The student-level variables included in the model (the X variables in equation 1) include gender, race, English language learner (current and former), free- and reduced-price lunch, disability (by special education services recommended), summer school enrollment, absences and suspensions (lagged one year to avoid potential endogeneity problems), retained in grade before pretest year, change in school between pretest and posttest year, and new to city in pretest year. The classroom-level variables included in the model (the Z variables in equation 1) include class size, classroom averages of pretests and most of the student-level variables in X (variables were excluded if there was insufficient variation at the classroom level to measure a precise effect), and proportion of students in the classroom new to city in the posttest year (a variable excluded from X because of its rarity among individual students in the analysis sample).

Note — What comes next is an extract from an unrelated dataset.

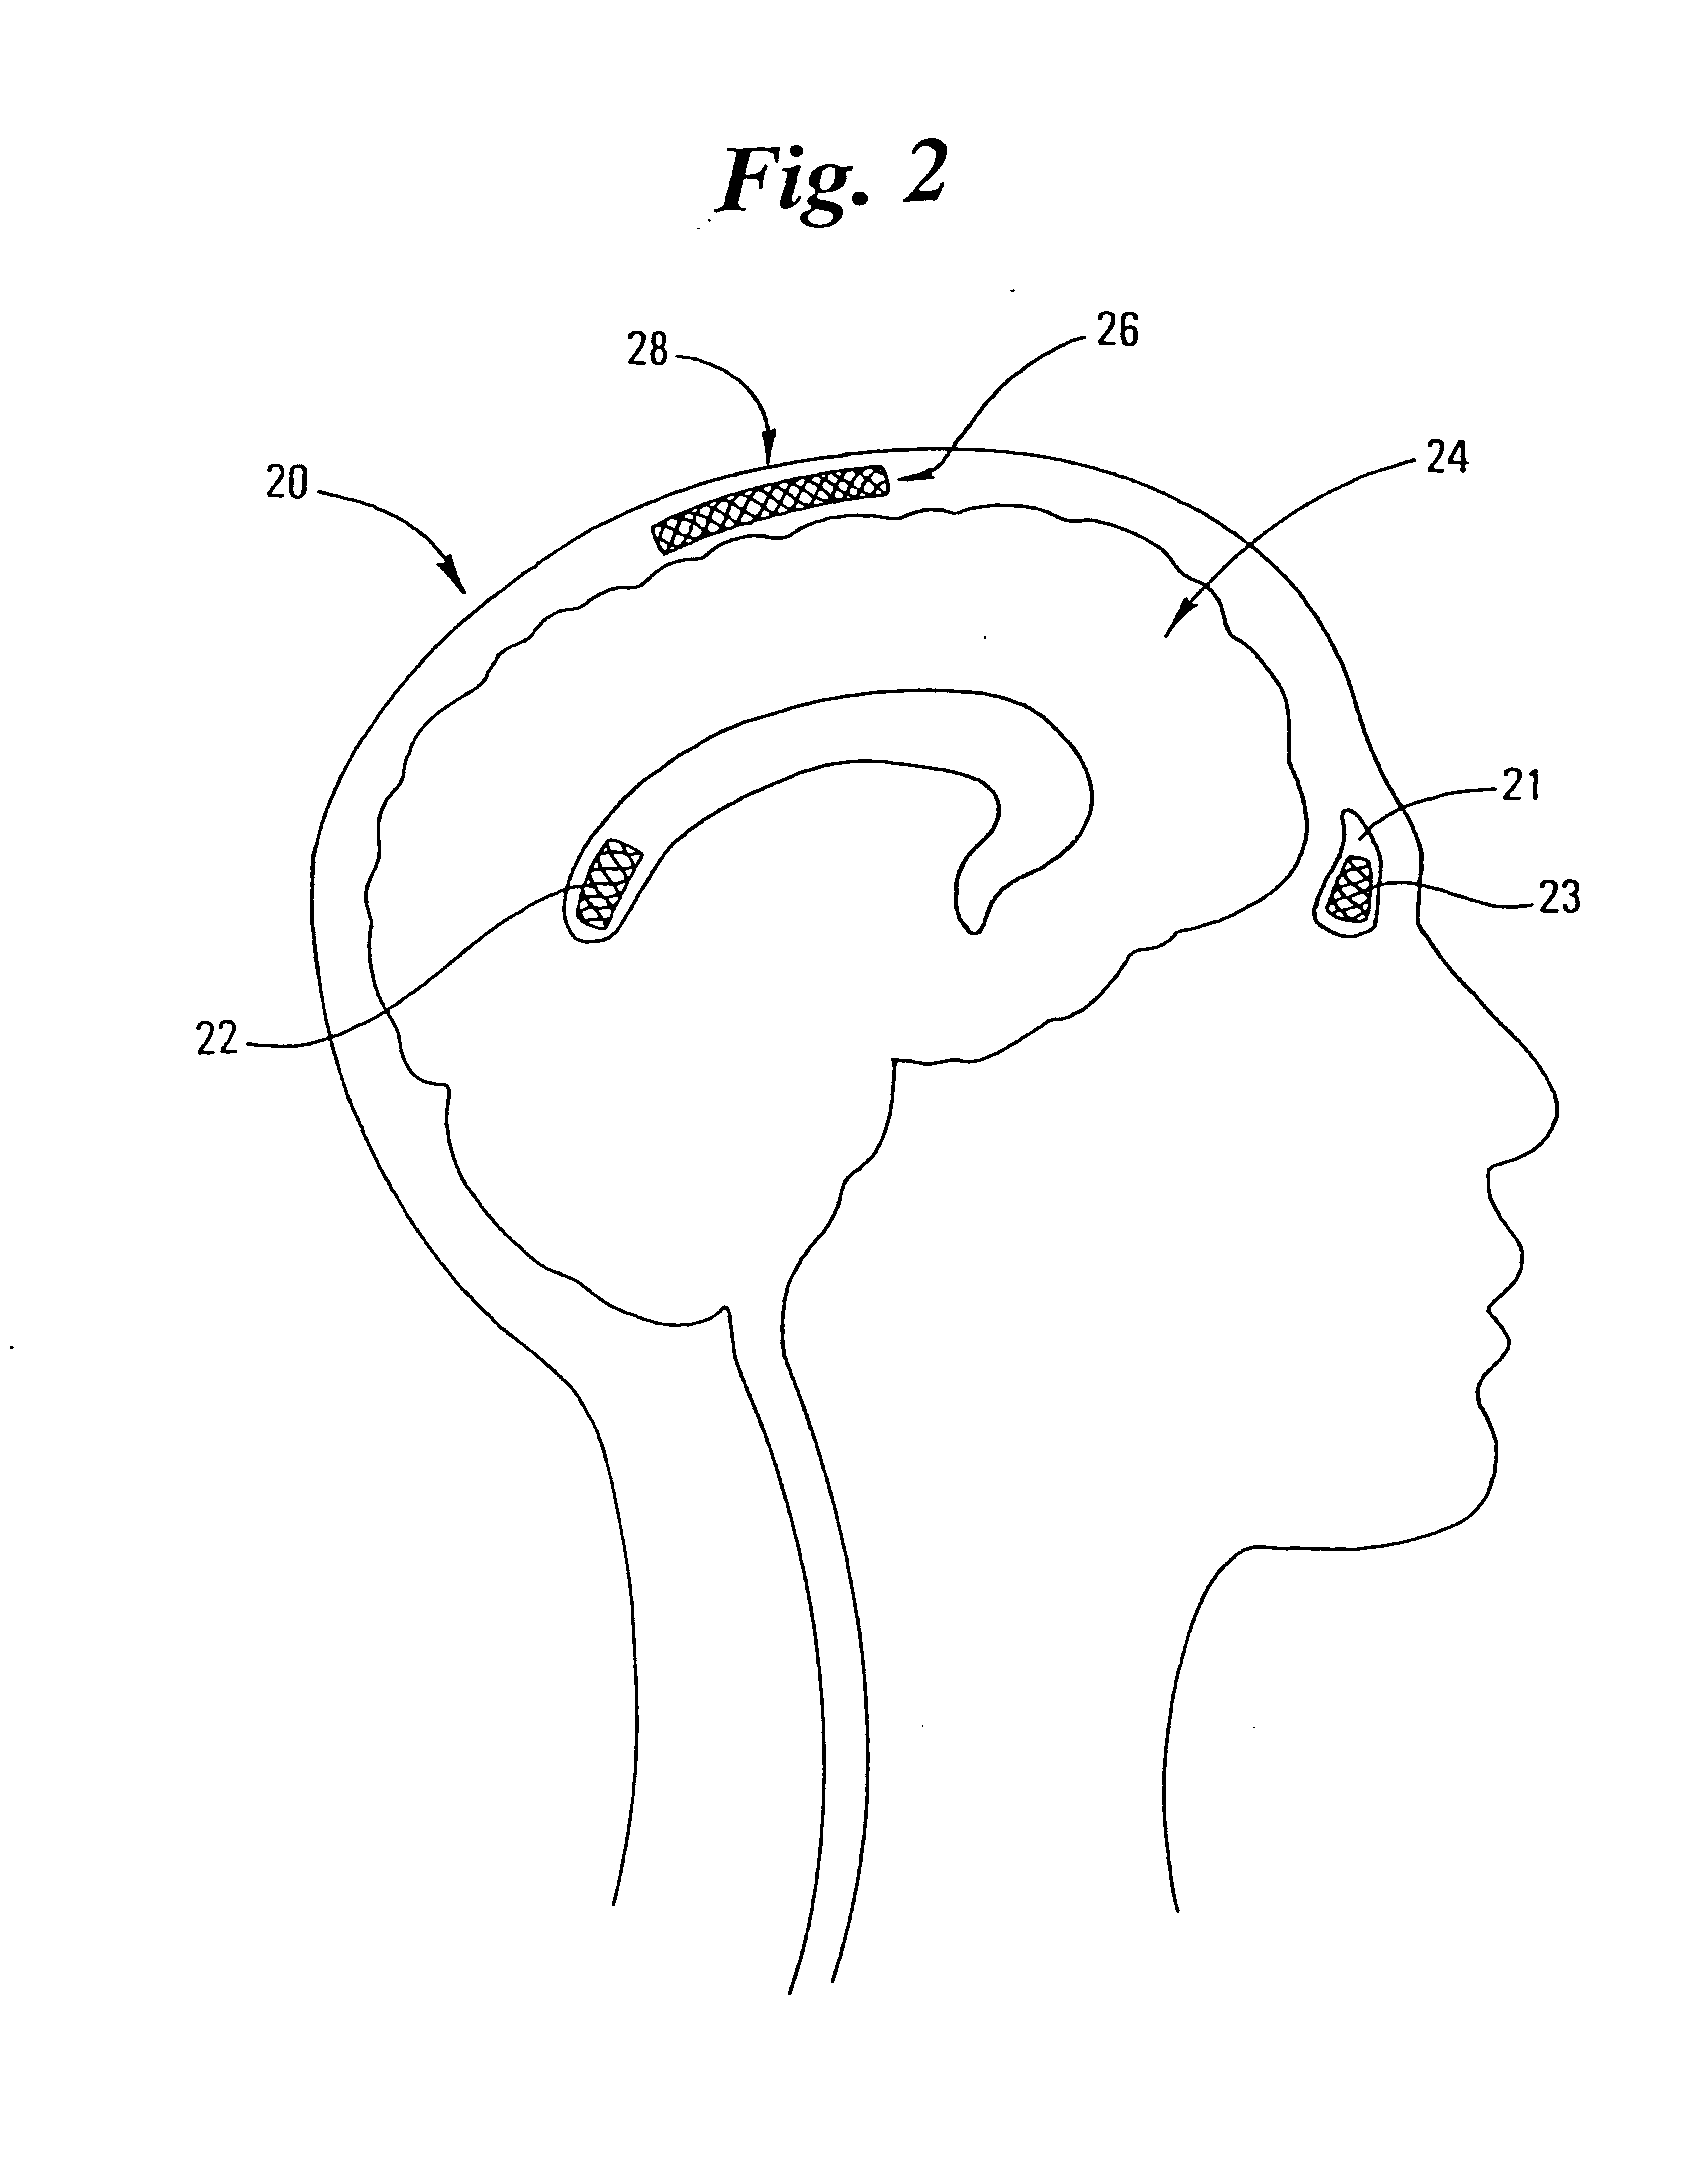 Methods and devices for the treatment of neurological and physiological disorders

Radenbush, the grandfather of all of this, does say that it is still a complex problem where the model should only be part of the teacher assessment. This is state of the art, its practitioners know its flaws, but it is nothing like the straw man that the blog post is attacking.
posted by cgk at 10:03 AM on March 6, 2012 [5 favorites]


I didn't mean students, I mean me as a 42 year old.

I've spent lots and lots of hours flying in planes, and I once watched that documentary about the stewardess who landed that jumbo jet. Piloting a 747 doesn't look too tough to me; I'm sure I can pick it up as I go. Who wants to fly in coach while I test out my totally-unassailable theory?

I was trying to say that identifying a BAD teacher and identifying a GREAT teacher should be relatively simple from observation.

Great! Publish your methodology, making you sure you specifically address why we are privileging your opinion above the rest of the teeming masses of humanity who all claim to be trivially able to evaluate teacher performance based on their years spent as students, and we'll subject it to the same rigor we subject every other theory to. I'm sure it will prove to the the unifying theory that blows hundreds of years of study out of the water with its breathtaking comprehensiveness and simplicity.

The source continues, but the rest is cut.